Tante Becky warf den Kopf zurück und lachte. Zwischen ihren weißen Zähnen konnte Gaylord die kleine rosa Zunge sehen. Er streckte einen Finger vor und berührte sie. „Was hast du denn gemacht?“ fragte er.
„Geträumt.“
„Wovon?“
„Von Männern“, erwiderte Becky und rekelte sich genussvoll. Ziemlich langweiliger Traum, fand Gaylord. „Willst du eine Tasse Tee?“ fragte er.
„Das wäre himmlisch.“
Gaylord krabbelte aus dem Bett, zog wieder seinen Schlafanzug hoch und trabte zur Tür.
„Geht wie der Blitz“, verkündete er. Dann ging er zu Mummi und Paps.
Zu seiner Verwunderung lag Mummi allein im Bett.
„Mummi, wo ist denn Paps?“ fragte er.
„Auf dem Dachboden“, sagte Mummi.
Gaylord ging zum Toilettentisch und spielte mit den Sachen herum, die dort lagen. „Warum ist Paps auf dem Dachboden, Mummi?“ fragte er.
„Weil er ein Schuft ist, und wir wieder einmal verschiedener Meinung waren“, sagte Mummi.
„Worüber denn?“ fragte Gaylord.
„Über Geld“, antwortete Mummi.
Gaylord kletterte auf den Dachboden. Paps lag dort eingewicktelt in einen Wust von Armeewolldecken auf einem Feldbett und sah aus wie eine ägyptische Mumie, deren Verpackung sich gelöst hat. Verzweiflungsvoll suchte er, sich schlafend zu stellen.
„Warum schläfst du denn auf dem Dachboden, Paps?“ fragte Gaylord.
„Ich schlafe ja gar nicht“, sagte Paps. „Ich habe geschlafen, aber man hat mich brutal geweckt.“
Sanfte Vorwürfe gehörten auch zu den Dingen, gegen die Gaylord unempfindlich war. „Es muss doch ziemlich kalt sein auf dem Dachboden“, sagte er.

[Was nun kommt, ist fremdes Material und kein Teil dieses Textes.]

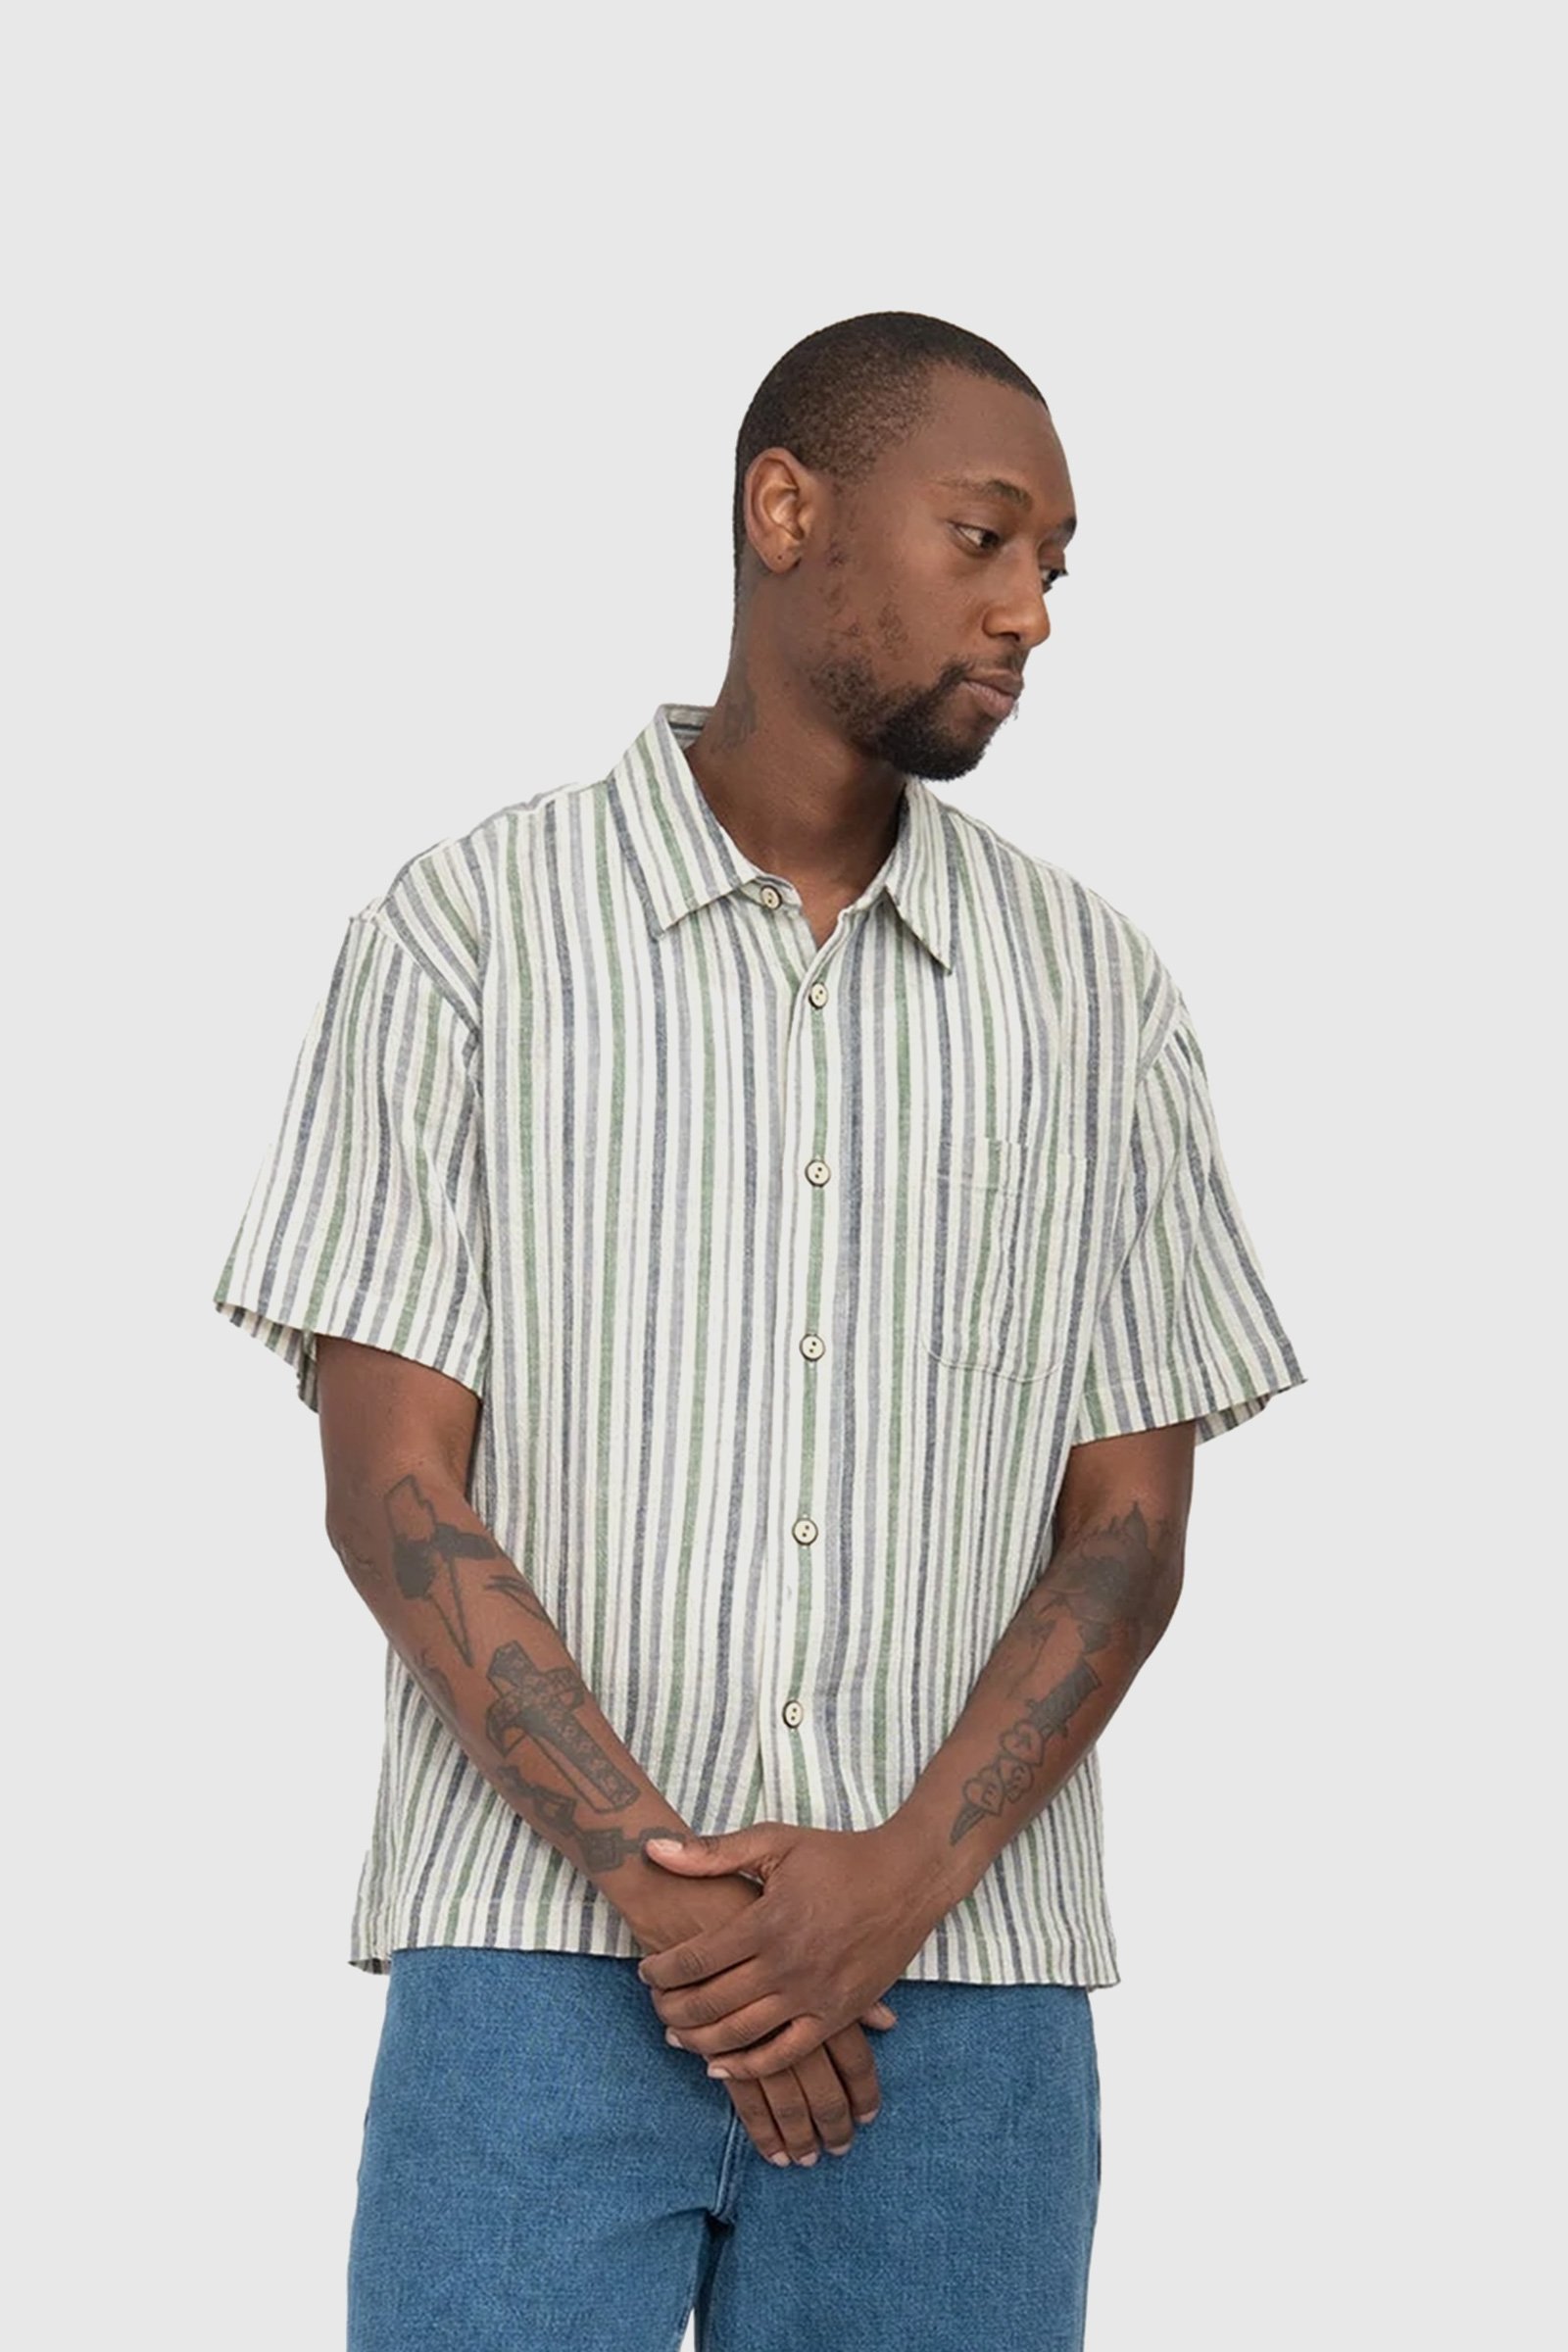 Stüssy Wrinkly Cotton Gauze Shirt Stripe | WoodWood.com

„Ist es auch“, sagte Paps. „Saukalt.“
„Mummi schien es sehr gemütlich zu haben“, sagte Gaylord. „Willst du eine Tasse Tee?“
„Bitte“, sagte Paps und drehte sich zur Wand.

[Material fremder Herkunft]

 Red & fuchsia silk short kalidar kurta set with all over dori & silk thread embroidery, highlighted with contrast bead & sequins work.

Voller Eifer begab sich Gaylord an sein karitatives Werk. Unten in der Küche drehte er erst einmal den Kaltwasserhahn weit auf. Dann presste er den Finger unter die Hahnöffnung. Köstlich spritze das Wasser durch die Küche und über Gaylord. Er betrachtete seinen triefenden Schlafanzug und strich im Geiste Mummi von seiner Teeliste.